Pally would have understood what I was feeling. I’m sure he heard the strain in my voice, matching it with his own, the revelation we had discovered a lightning bolt from the clear blue sky.
Expecting anybody else to get that, to not be offended or worse if I
was to explode, was another thing entirely.
A decision that proved to be prescient, most of my drive spent alternating between mashing my left palm into the top of the steering wheel and my right fist into the seat beside me.
A healthy amount of screaming had been involved as well.
Now that several minutes had passed, most of that initial torrent of acrimony was now tucked an inch or two below the surface. Not gone by a long stretch, but tamped down enough that I could explain what I had found, what it might mean, with something approximating a level head.
At least, that was the hope.
“Hawk,” Diaz opened, using the same greeting she usually did.
Much the way I had with Pally before, I cut straight to it, bypassing any form of salutation.
“Junior Ruiz,” I said, the mere mention of the name causing my left hand to curl into a fist.
For a moment there was no response, nothing but dead air, before Diaz said, “What about him? The picture you sent me this morning was definitely not Ruiz.”

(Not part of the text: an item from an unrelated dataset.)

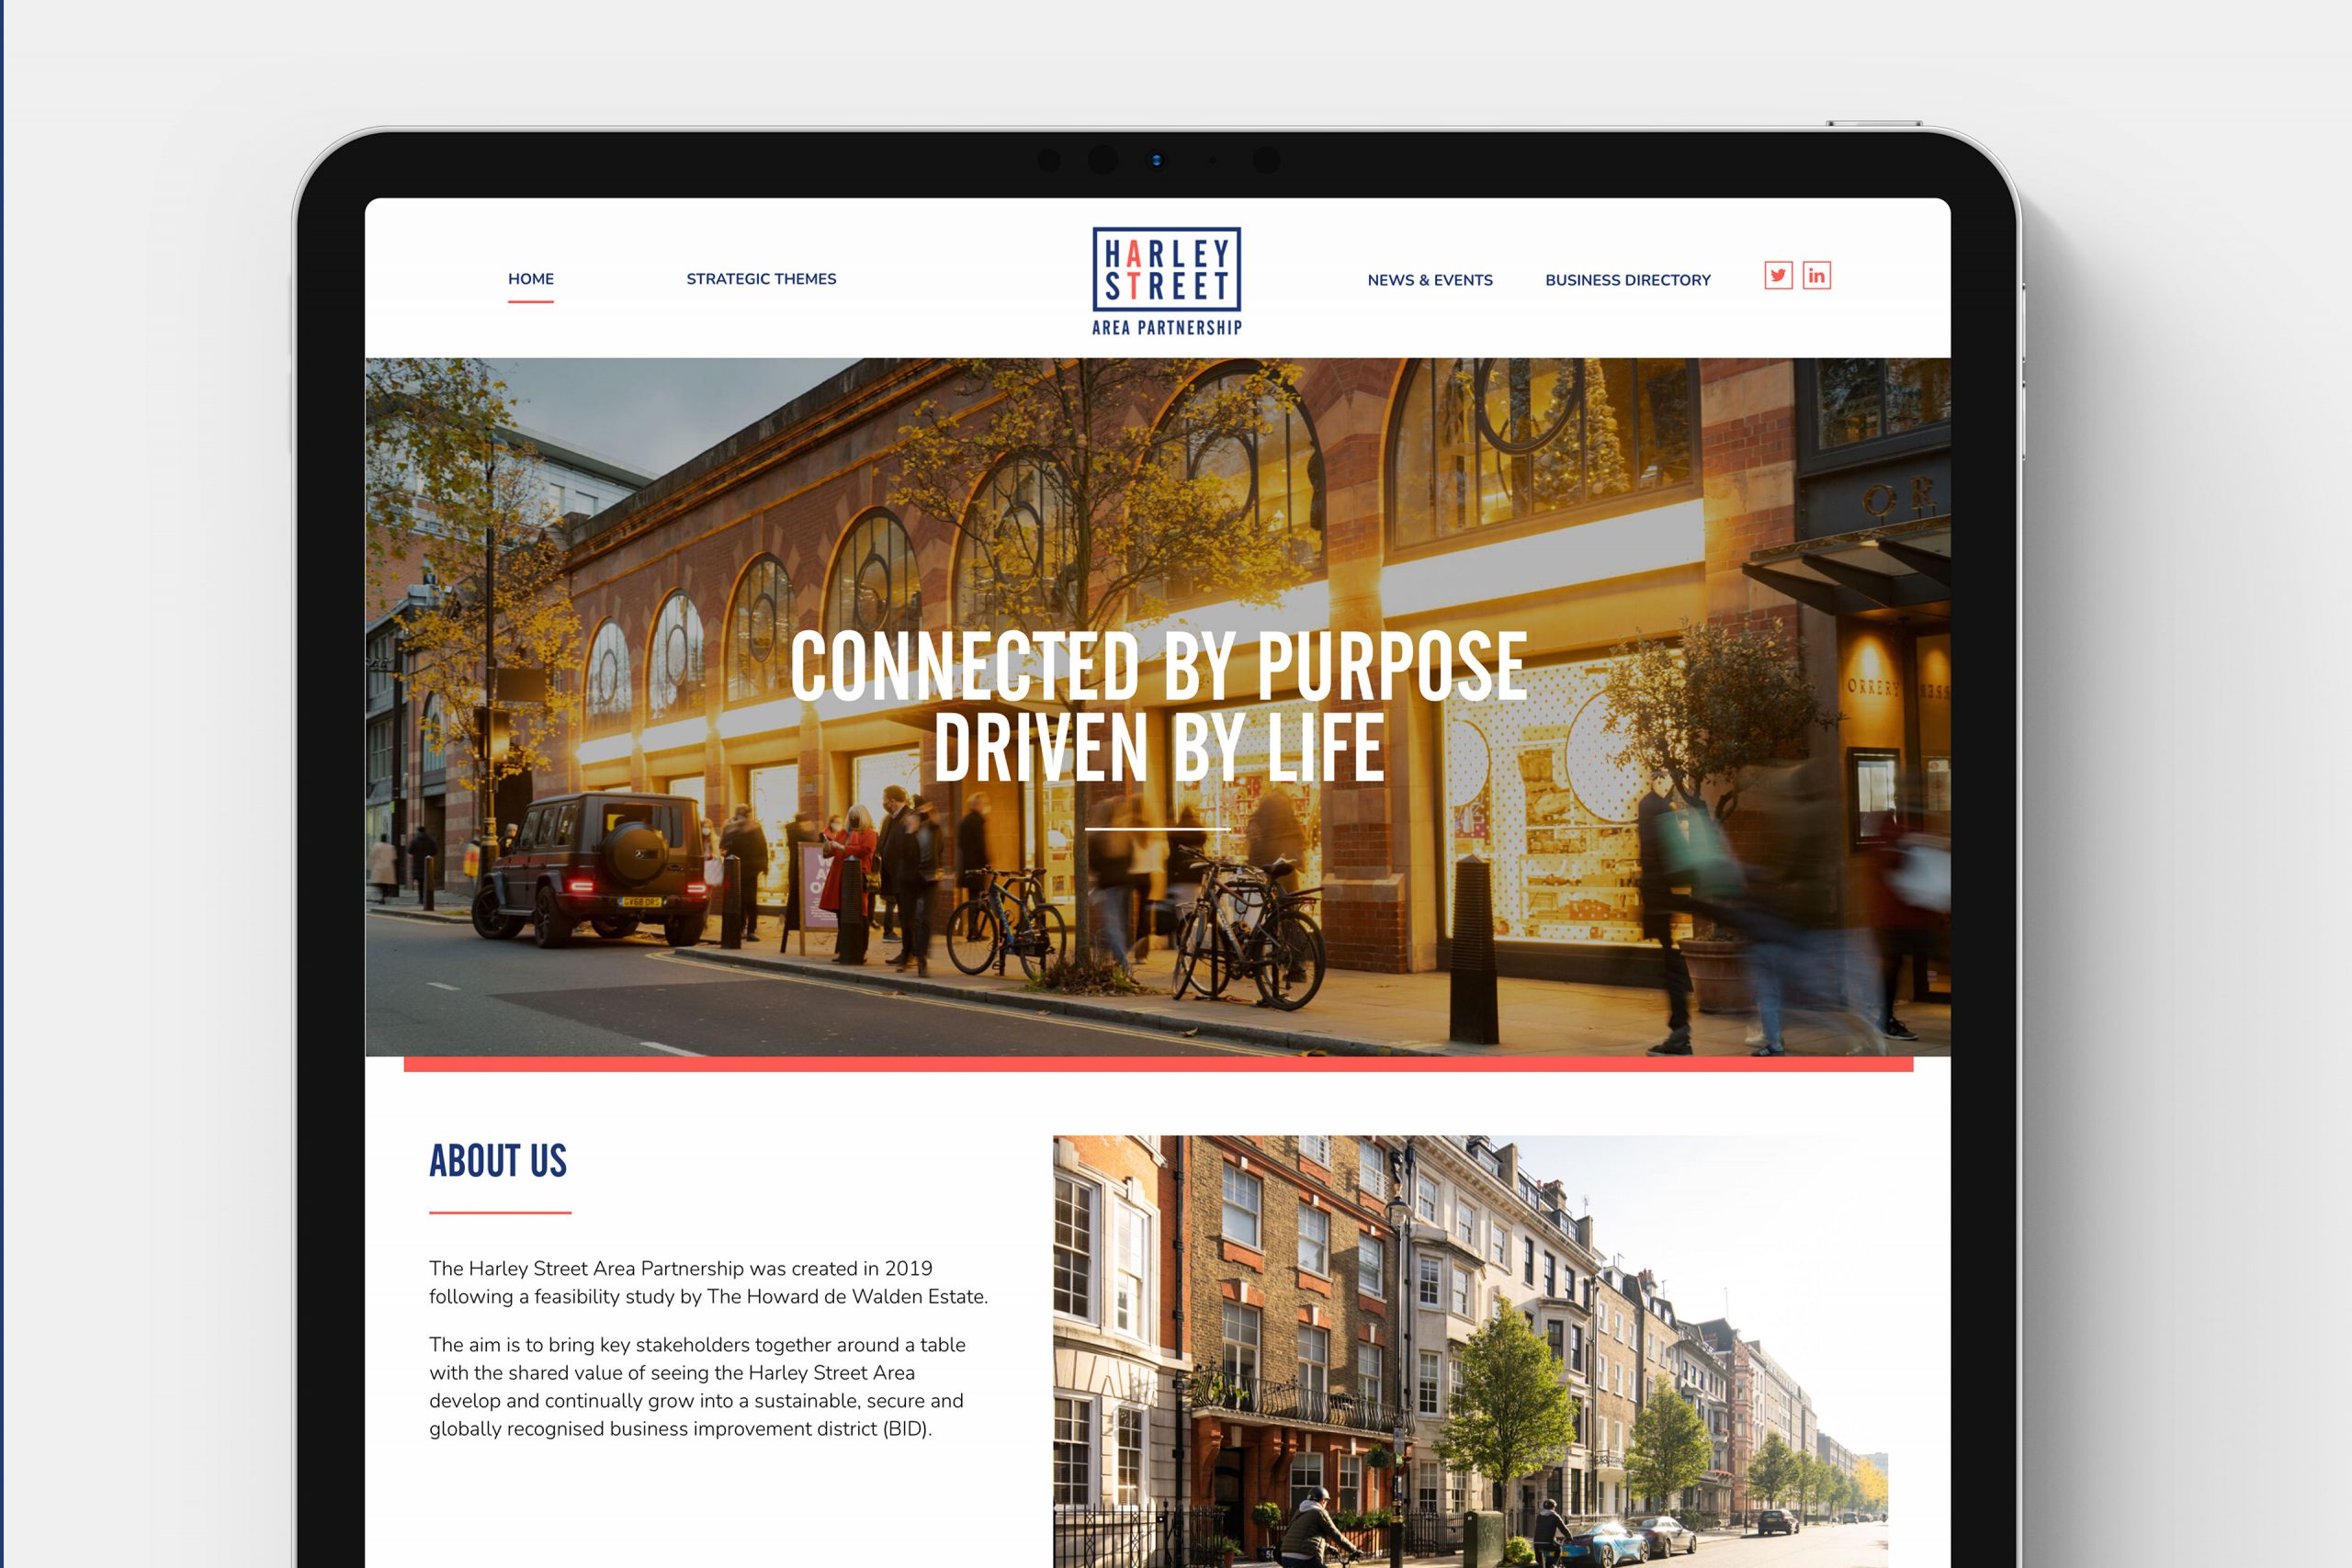 Harley Street website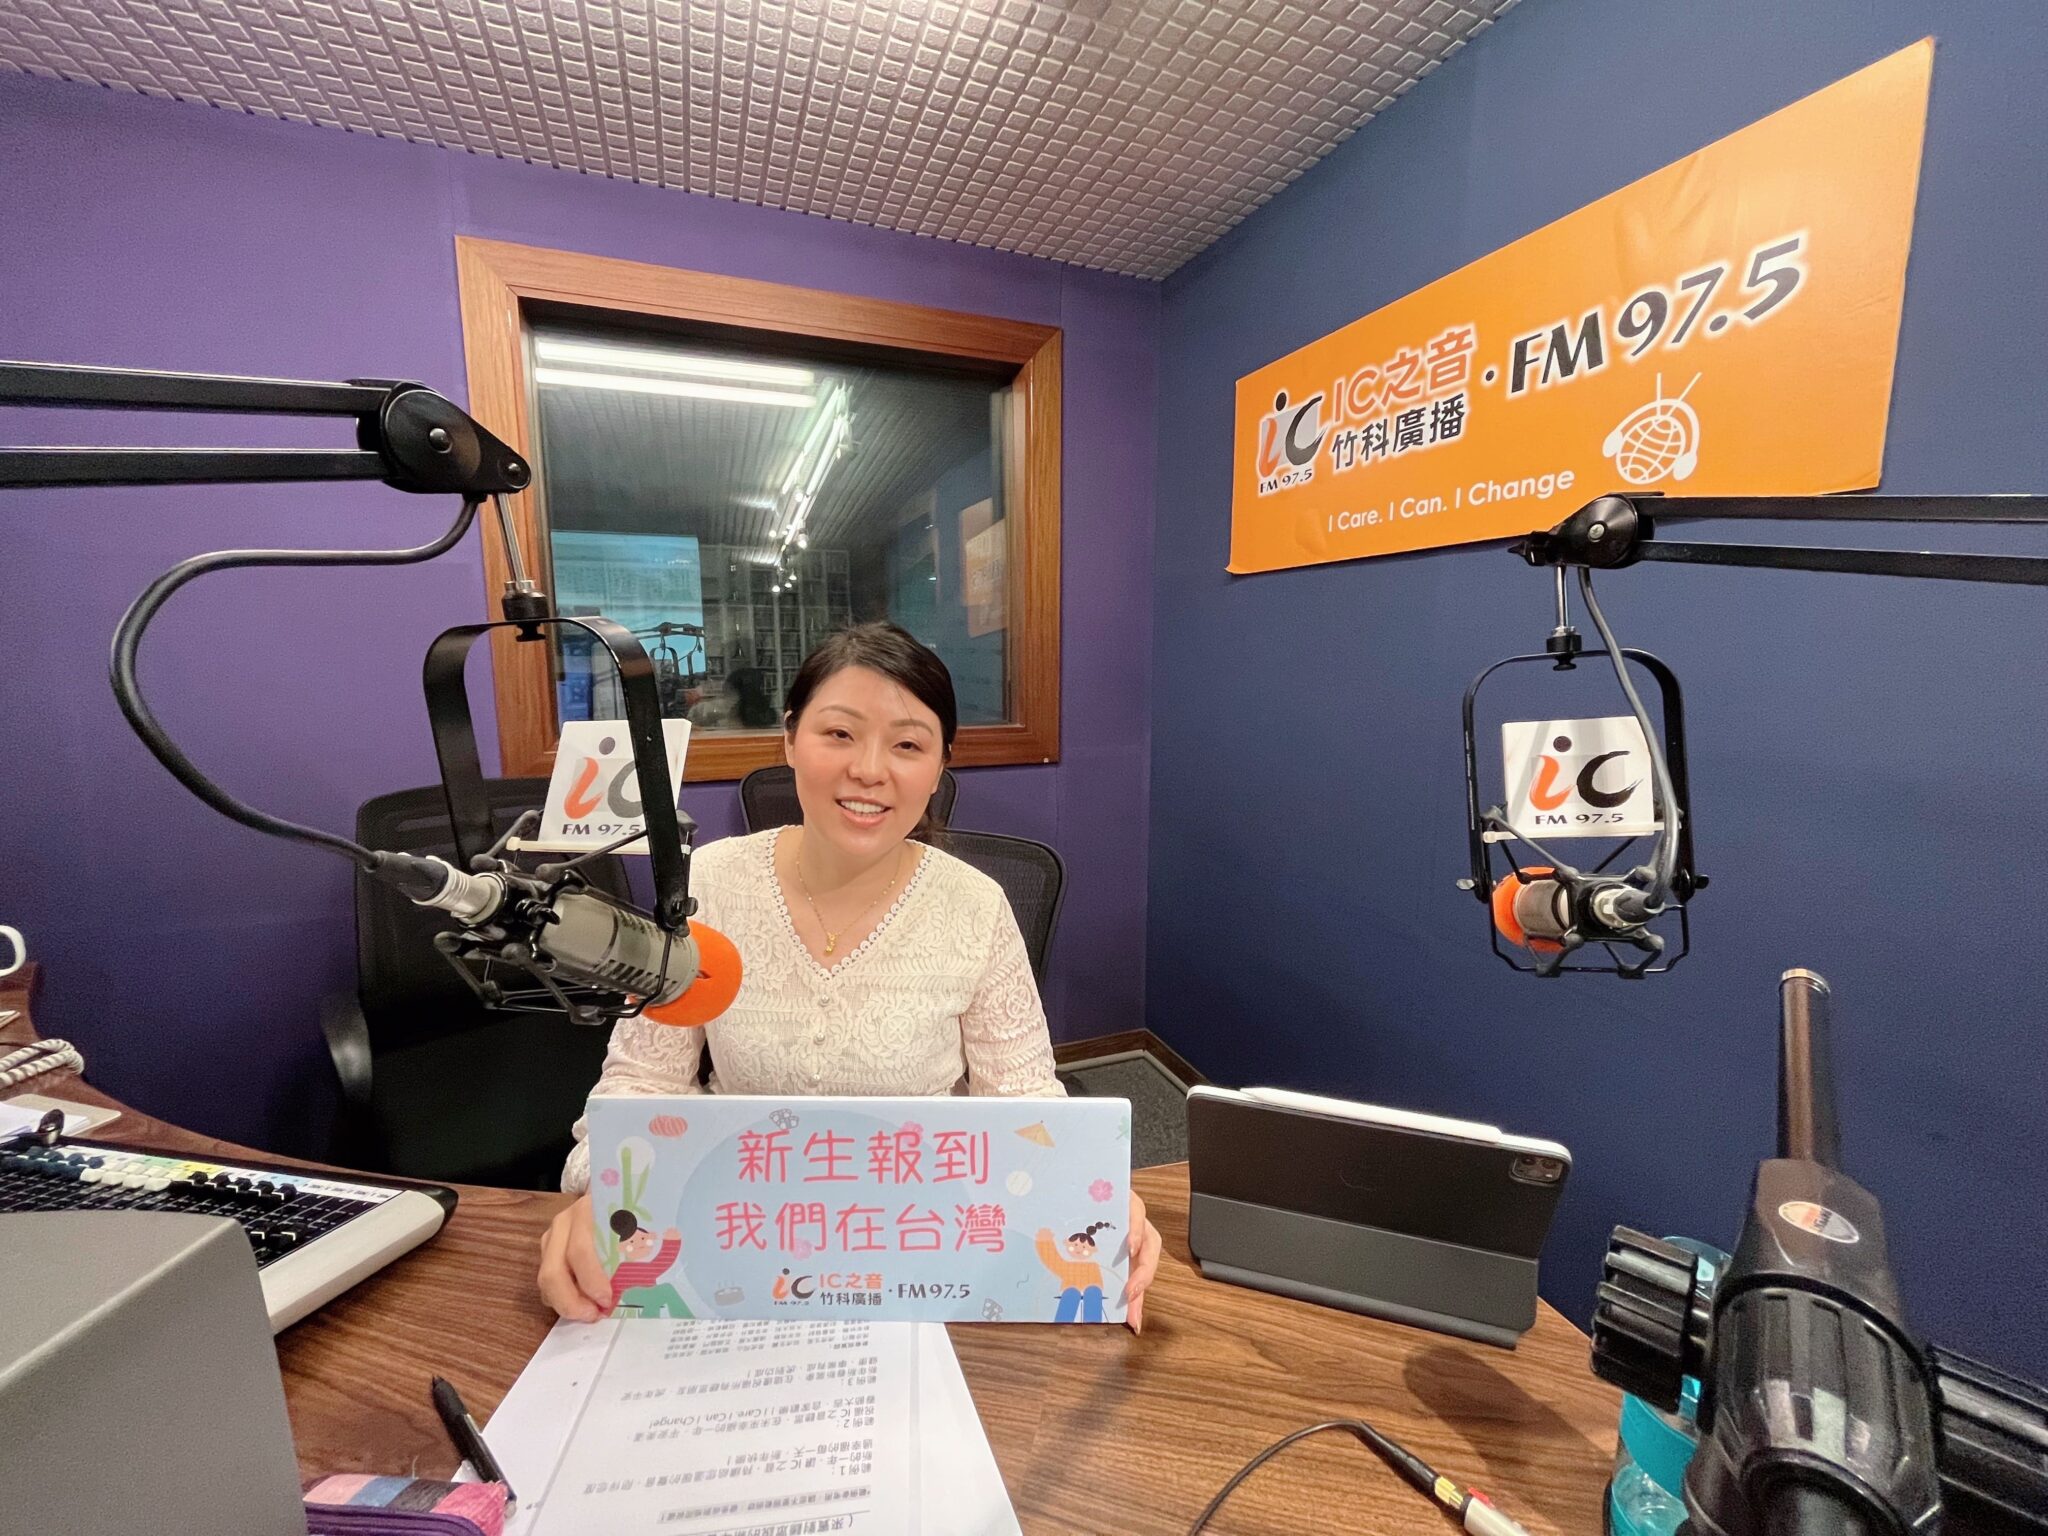 Năm nay, chị Hồng Mãn Chi cũng tham gia vào "Dự án kiến tạo xã hội dành cho di dân mới" của Bộ Văn hóa Đài Loan để đồng hành cùng sự phát triển của cộng đồng di dân mới. (Nguồn ảnh: Nhân vật cung cấp)

The second part of her statement was unequivocally true. The guy sitting at the West Yellowstone Sheriff’s Department right now was at least fifteen years younger than Ruiz, if not more. He was also several inches taller, several pounds lighter, and had a nose that was now much less functional.
Not that Ruiz would have ever been there to begin with.
Guys like him never touched anything that might result in blood or leave behind fingerprints. They were always puppet masters, the ones that were sure to take credit, but never got their own hands dirty.
Him showing up at my office would have been unheard of, for a variety of reasons.
As was any notion that I would have left him alive after the fact.
“Right, but he’s the one calling the shots.”
Again, silence fell for a moment before Diaz asked, “What makes you say that?”
“Plata o plomo,” I whispered, just barely audible.
Finally putting to words what I’d known since standing in the living room of Martin’s home, I felt my eyes slide closed, another spike of venom welling within me. With it came the urge to again swat at the steering wheel, my jaw clamping down tight.